Lucy teaches spelling through word sorts
To teach the ch (cherry) and sh (shoe) sounds, Lucy has her students color and cut out tiny pictures of various objects starting with ch or sh. Next, she has the children sort and glue the pictures into columns according to the beginning letter sound of each object. For example, the ch column contains pictures of a cheese, chair, and chip, while the sh column contains pictures of a ship, shop, and shirt.
The Alternative Lesson Plan
Many children have learned successfully with this lesson. But for those continuing to struggle, the alternative lesson plan is as follows:
- Select spelling words that are relevant to children, rather than using pre-determined spelling lists of words.

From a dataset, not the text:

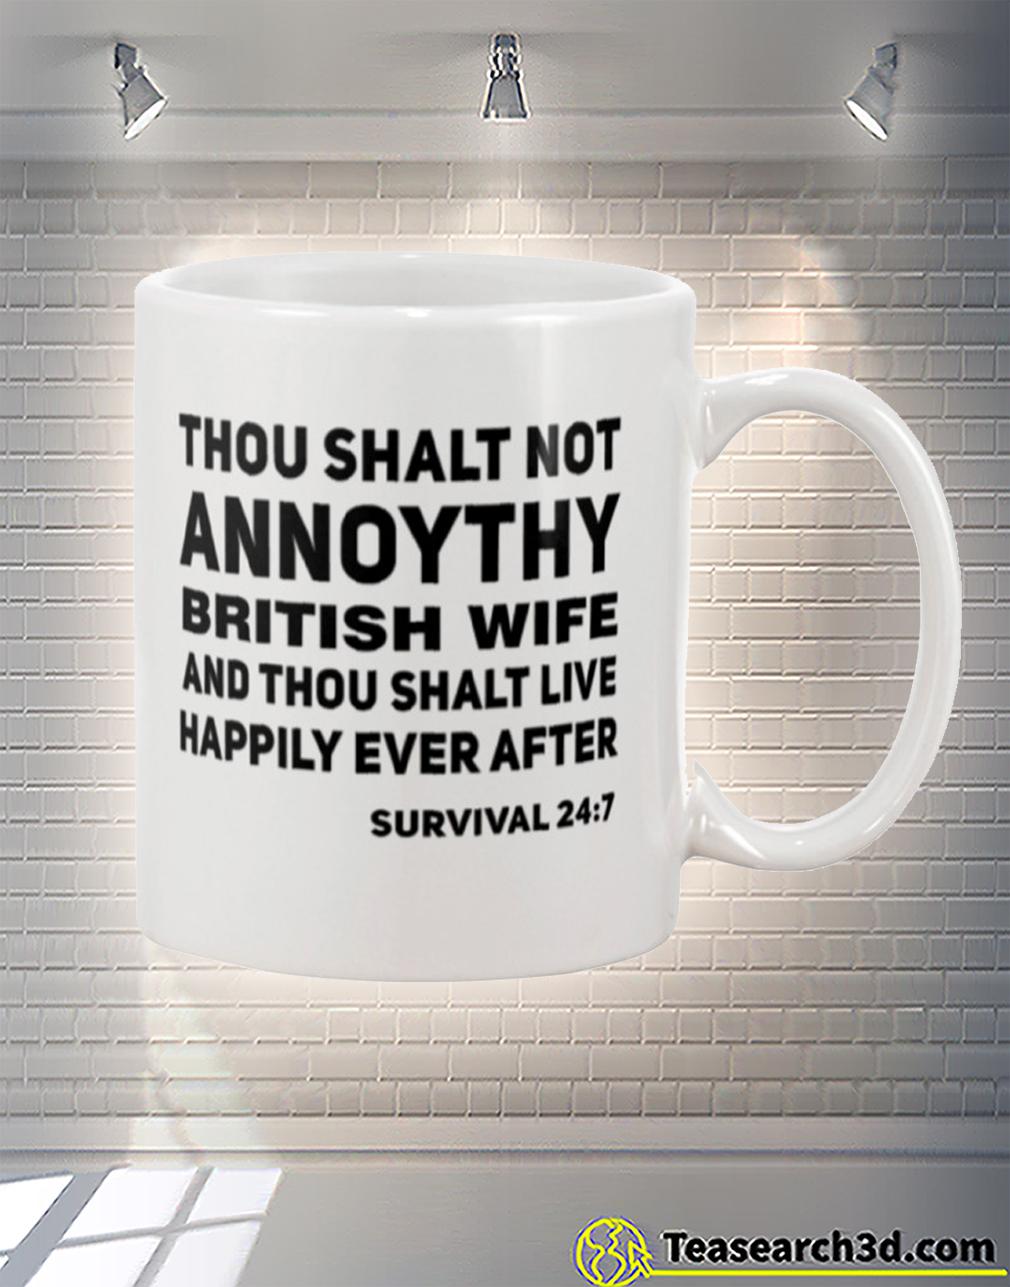 Thou shalt not annoythy british wife mug

Some children do not learn well through pre-determined or arbitrary spelling lists of words, as the information can appear random. Unless the words are the same words that the children encounter during their reading and writing activities, they may not understand the relevance of the sorting activity to the actual reading and writing context.
- Leave the coloring, cutting, and pasting for arts and crafts.
Although the children appear busy at work, the coloring, cutting, and pasting may be distracting to learning the concept at hand (the sounds of the ch and sh) and is more appropriate for fine-motor or art activities. These children need more direct instruction of literacy concepts.
- Mirror the thought process exactly as used in the real-life context.
Although the word sort is related to reading and spelling, completing the word sort does not require the same thought processes needed for reading and writing the ch and sh in actual contexts. Some children need to learn skills in the exact same way that they are to be applied in the real-life context and thus need more thorough instruction than the word-sort activity.